The offer pitches Rio Tinto against Yancoal, a subsidiary of Yanzhou Coal, a Chinese firm that had earlier bid $100m less than Glencore for Rio’s assets, known as Coal & Allied (C&A).
“The C&A mines lie adjacent to numerous existing Glencore mines in the heart of the Hunter Valley,” said Glencore in a statement on June 9. “The addition of the C&A assets to our existing portfolio in the Hunter Valley would unlock large scale mining and operating synergies,” it added. Glencore’s combined portfolio of mines in the Hunter Valley would have production capacity of 81 million tonnes a year.
Interestingly, Glencore said it would stick to balance sheet conservatism by selling no less than $1.5bn “of other assets” or selling down its stake in C&A if acquired to as much as 50%. “Glencore’s balance sheet will be managed to prevent net debt increasing above December 2016’s level of $15.5bn thereby ensuring that our leverage target is comfortably met and financial conservatism maintained,” the group said.

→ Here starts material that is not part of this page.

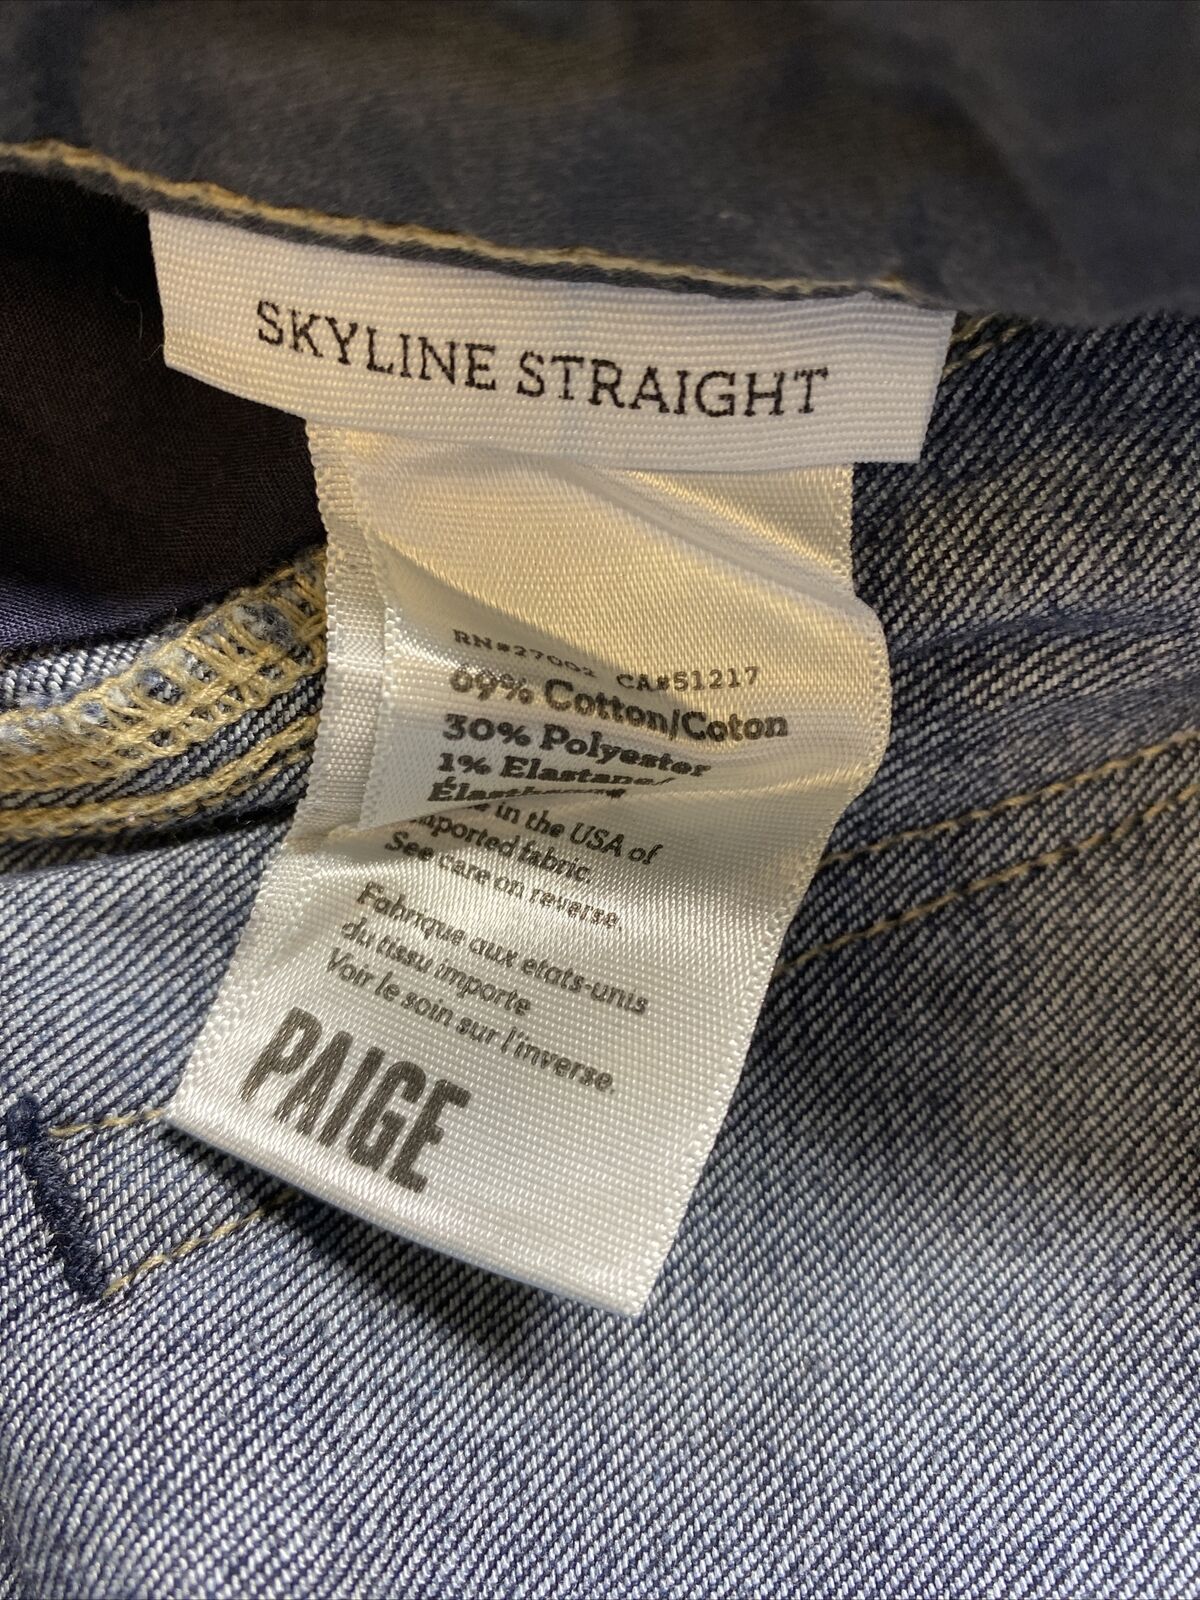 Paige Women's Dark Wash Stretch Skyline Straight Denim Jeans - 27
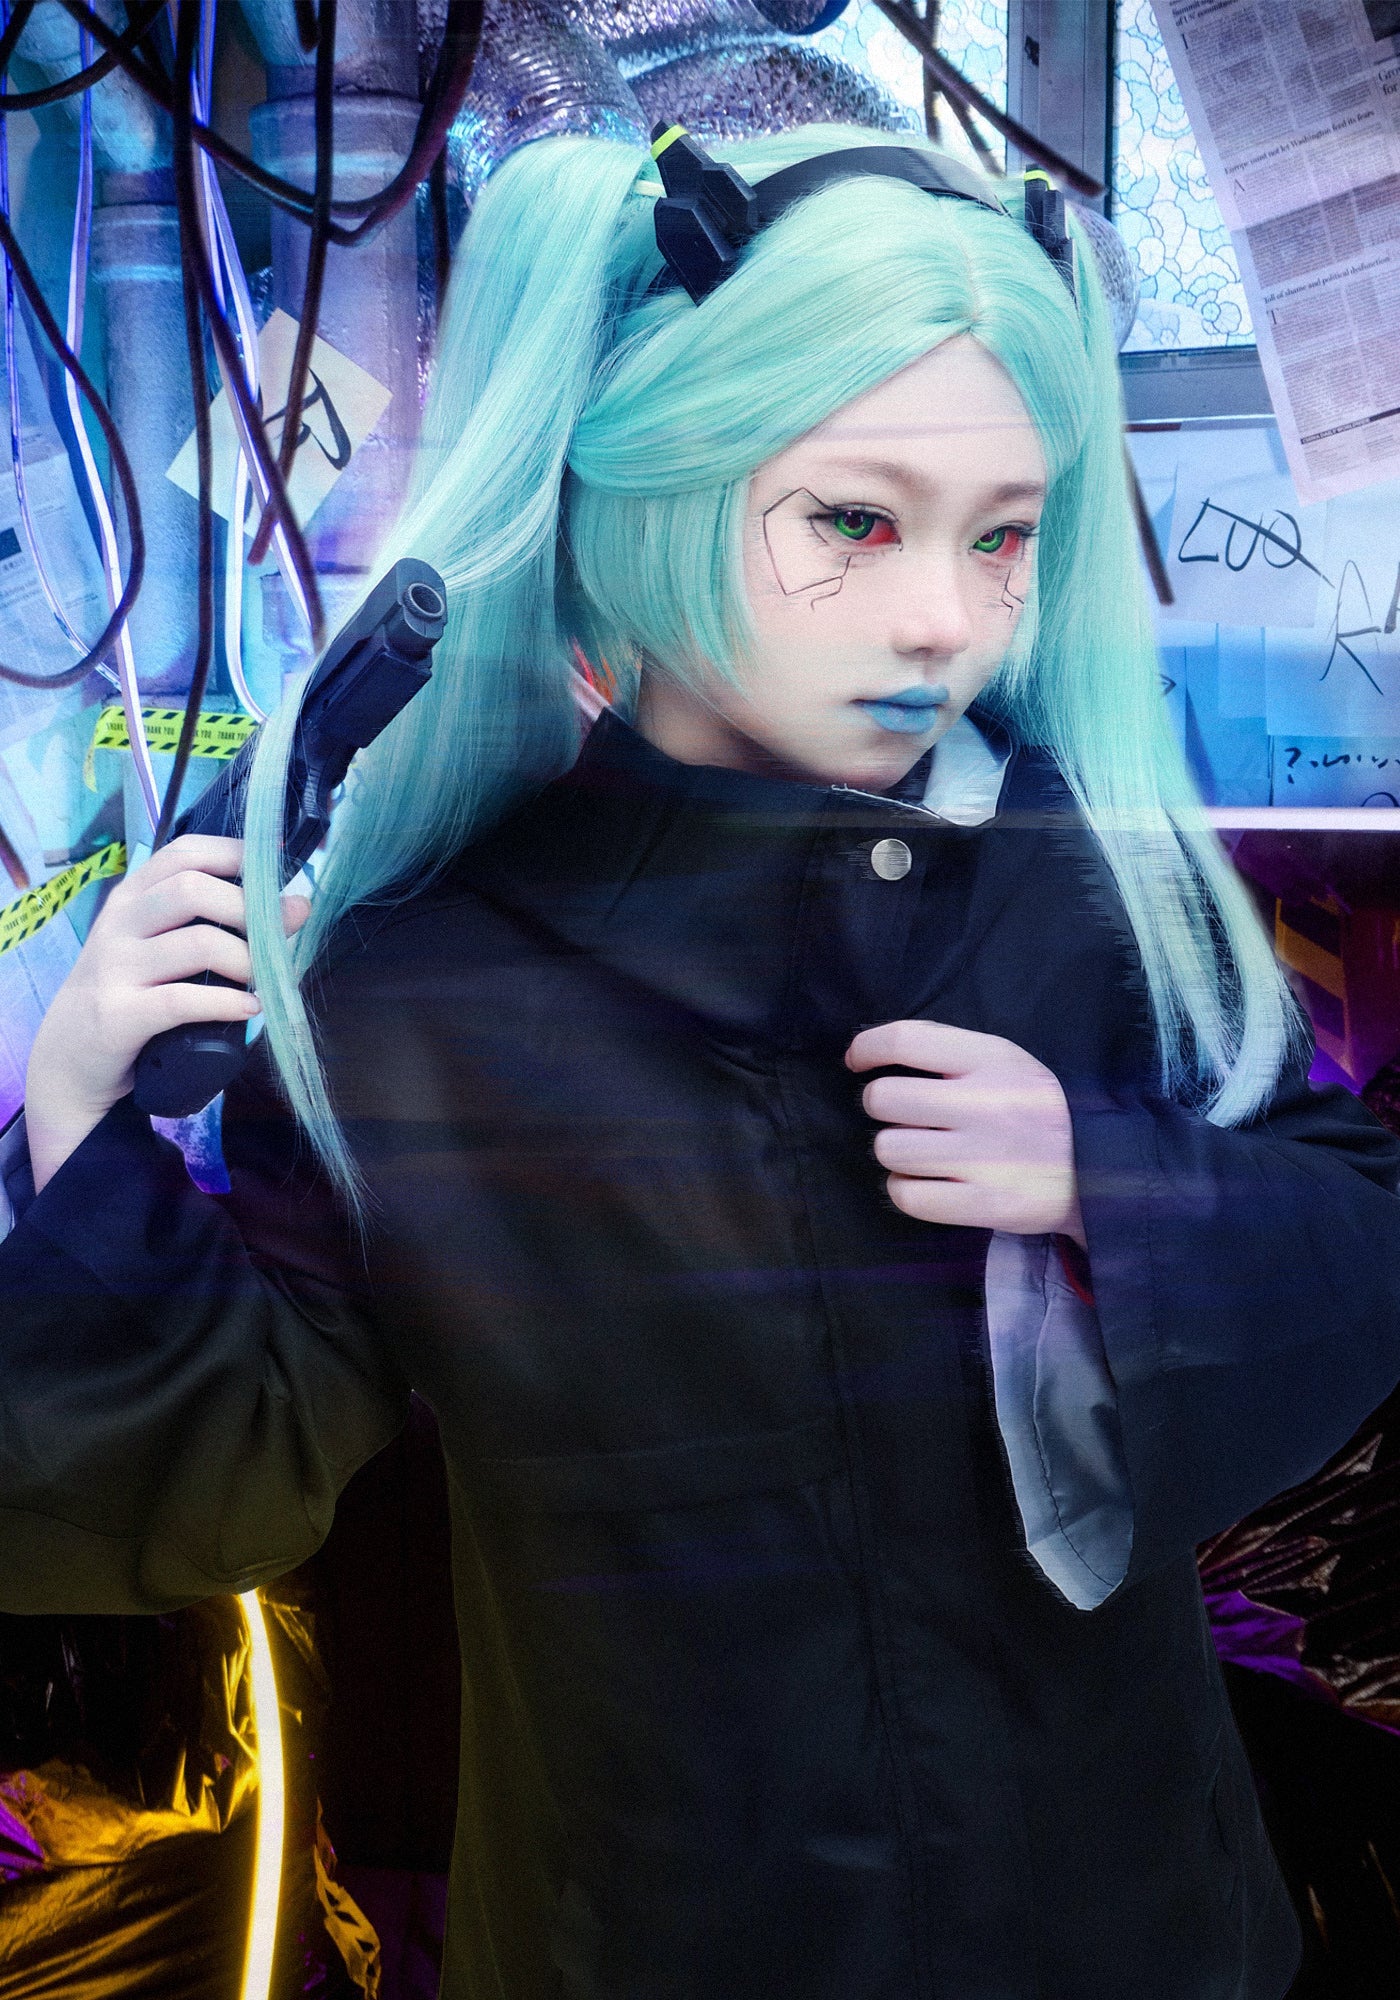 DAZCOS Rebecca Cosplay Wig for Anime Halloween Costume Green

Another fascinating element to the proposed transaction is that Glencore has effectively given Rio Tinto a two week deadline or its offer is lapse.
This is clearly intended to give Rio Tinto CEO, Jean-Sébastien Jacques, food for thought as the Yancoal offer is not only lower, but not yet financed. As part of its offer, Glencore has also offered to buy Mitsubishi Corporation’s stake in C&A for $920m.